The Indian locomotive class WAM- 2/3 is a class of 25 kV AC electric locomotives that was imported from Japan in 1960s for Indian Railways. The model name stands for broad gauge (W), AC Current (A), Mixed traffic (M) engine, 2nd (2). A total of 38 WAM-2/3 locomotives were built by The Japanese Group (a consortium of Mitsubishi, Hitachi and Toshiba) between 1960 and 1964. They entered service in 1960.

The WAM-2/3 served both passenger and freight trains for over 40 years. As of January 2020, All locomotives have been removed from service all and were scrapped.

History
These locomotives were built by a consortium of Mitsubishi, Hitachi and Toshiba (The Japanese Group, as attested by a plaque fixed on their sides) as a second option to the Europeans WAM-1. They were delivered in 1960 and were a bit lower powered than the WAM1 but had similar Bo-Bo wheel arrangement (4 wheels per bogie) with four Mitsubishi DC traction motors connected to the wheels permanently in parallel through a WN geared drive. The WAM2 had Ignitron rectifiers just like the WAM1 but some were later were refitted with Excitron rectifiers. Some even had the Mitsubishi logo painted on their sides.
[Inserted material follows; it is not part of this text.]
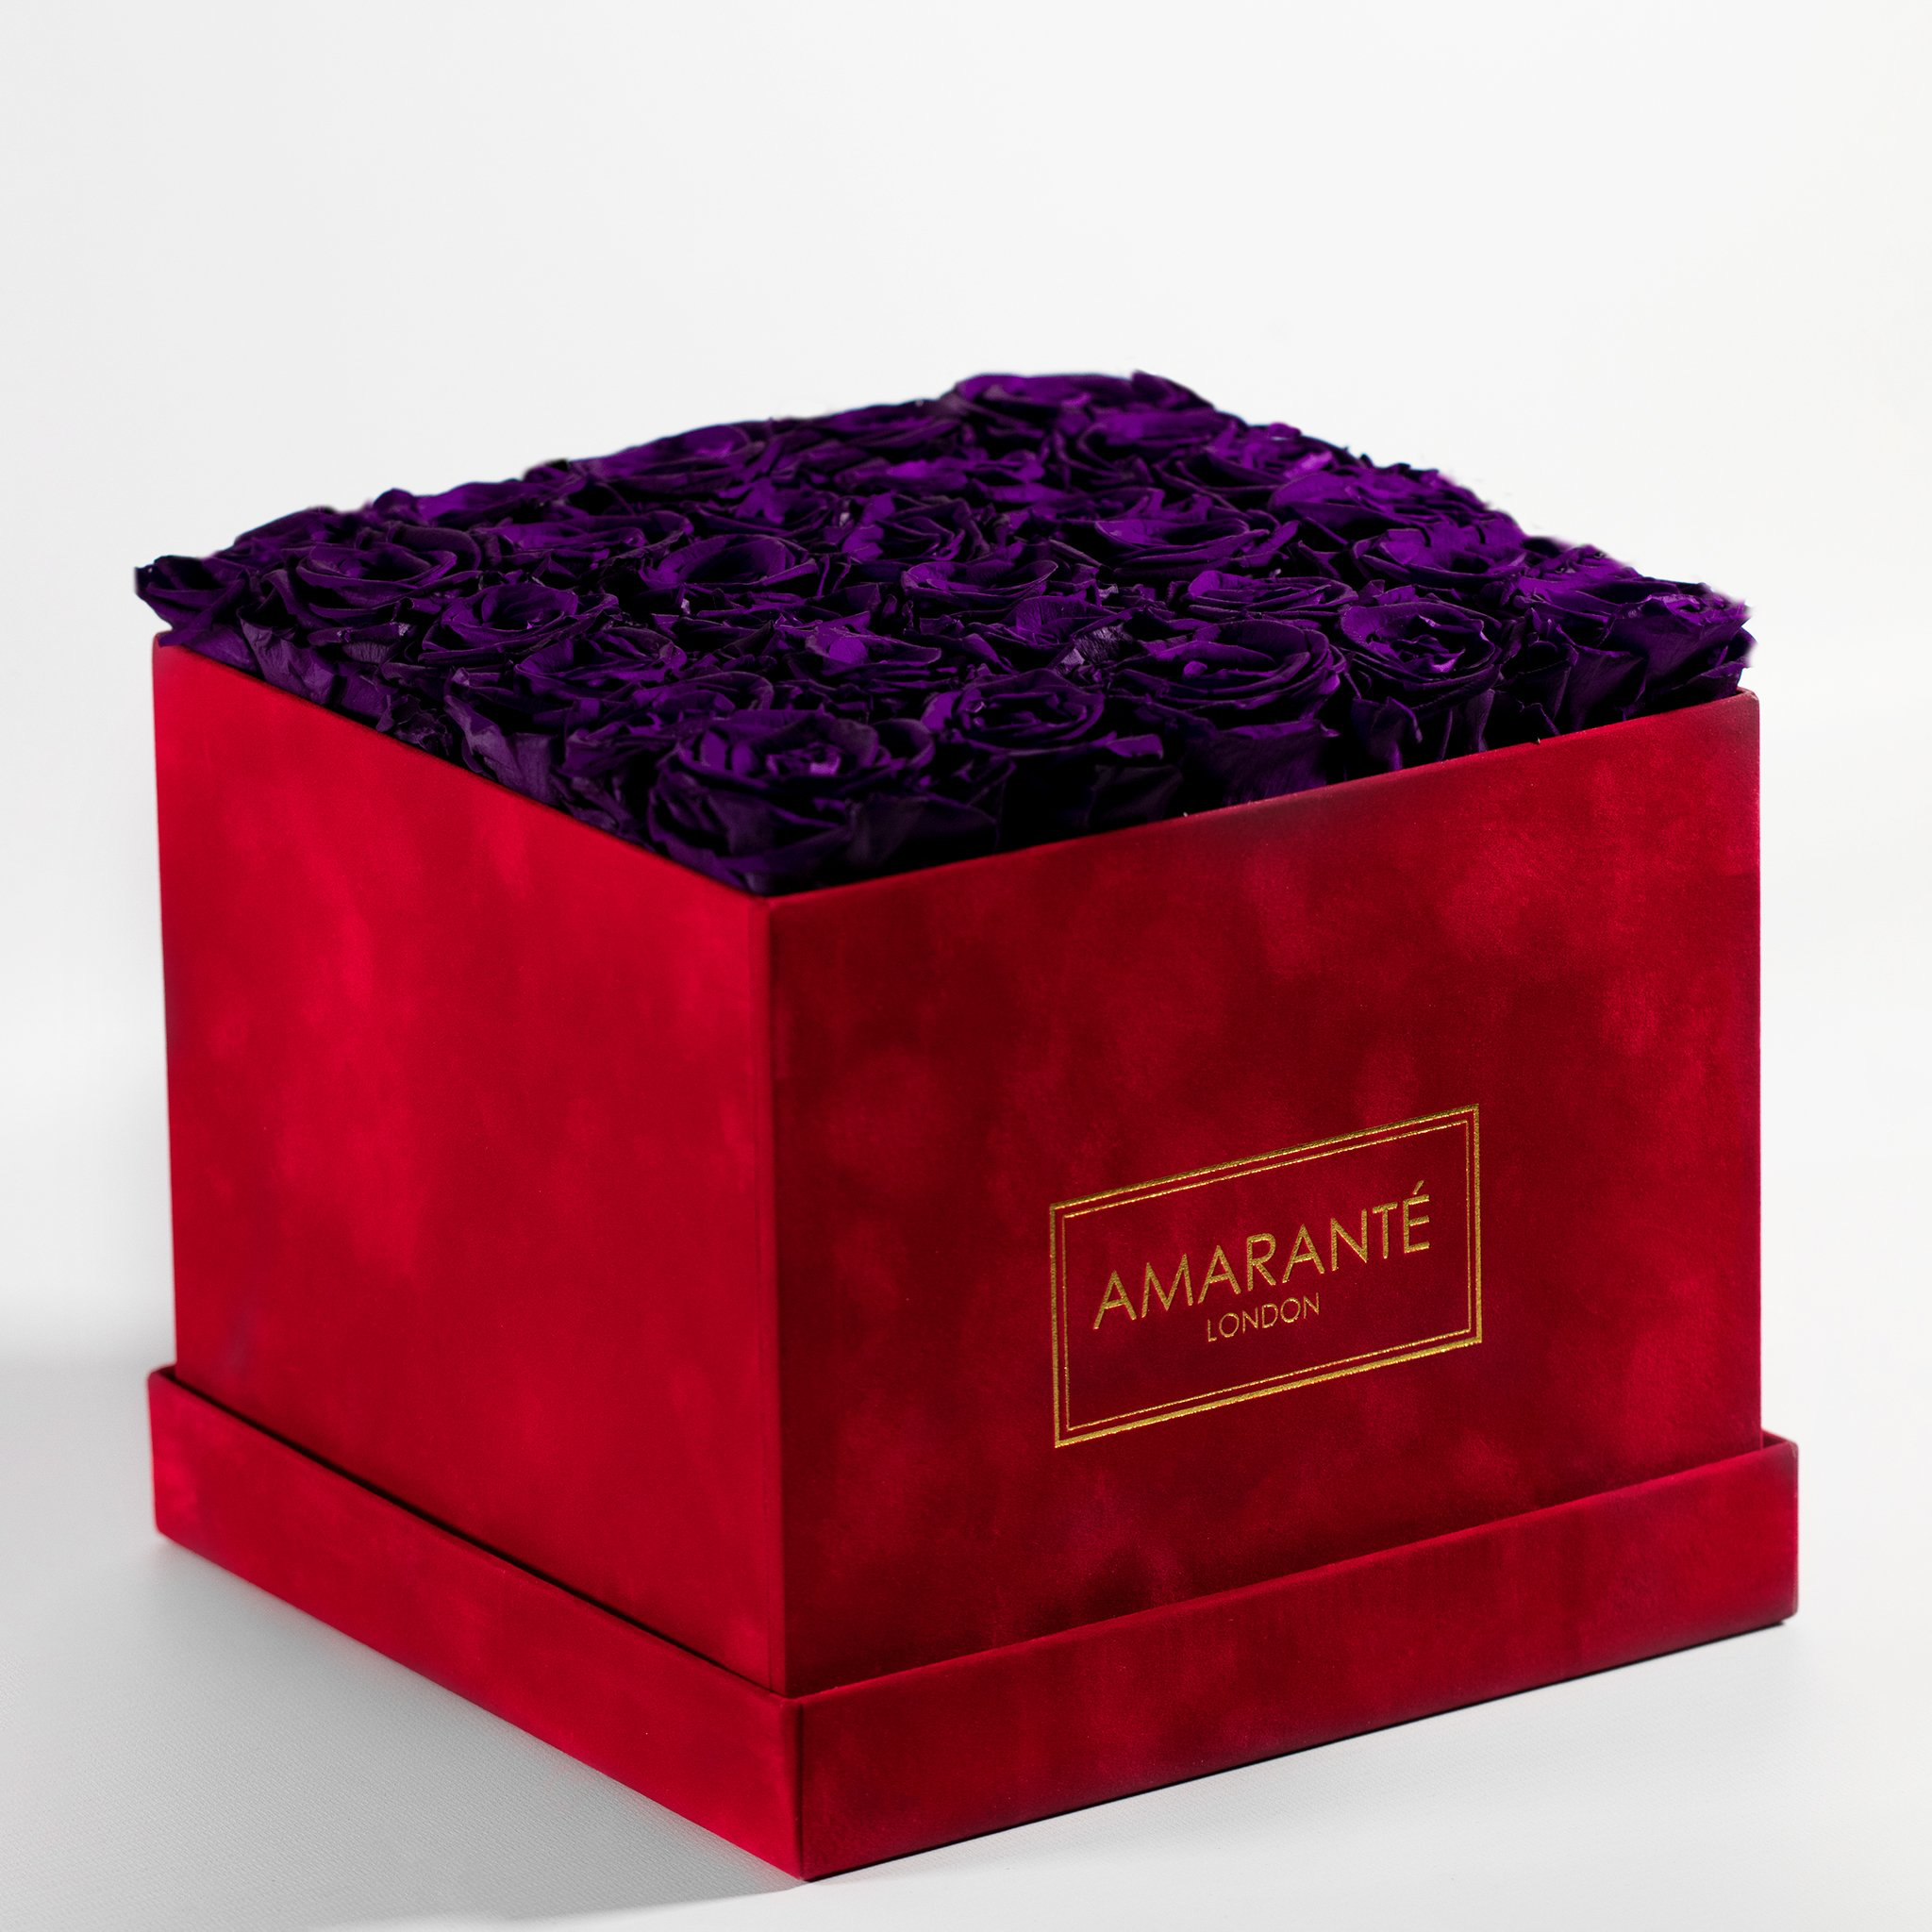 Luxurious dark purple Roses blooming in a chic red large box

38 of these were produced in two batches with the initial batch of 10 locos having air brakes for the loco and vacuum train brakes, and the second batch of 26 having only vacuum brakes. These have not been retrofitted with air train brakes. Like the WAM1 they were also used around the ER-SER-NER-NR circuit as it was the first AC electrified area and hauled ordinary passenger trains and freights only and sometimes ran all the way to New Delhi via Kanpur. They were also used double-headed for freight trains. They had Four traction motors permanently coupled in parallel are fed by ignitron rectifiers. Speed control is by a tap changer on the input transformer. Mitsubishi transformer, 20 taps. Oerlikon exhauster and compressor, Arno rotary converter. They were homed at Asansol Loco Shed of Eastern Railways.

In February 1980, the WAM-2/3 classes got there speed upgraded from 100 km/h to 120 km/h by RDSO. This was done for haulage of the Howrah Rajdhani between Howrah and Ghazibad on the Eastern and Northern railway division respectively. When the Sealdah suburban system was electrified under AC, there was a shortage of AC EMU's and so on an interim basis some WAM-2 units were used on push pull rake with WAM2 in the middle was used as EMUs before supplies were received and ER also retrofitted DC EMU stock, though the latter largely operated in HWH division which required dual voltage capability.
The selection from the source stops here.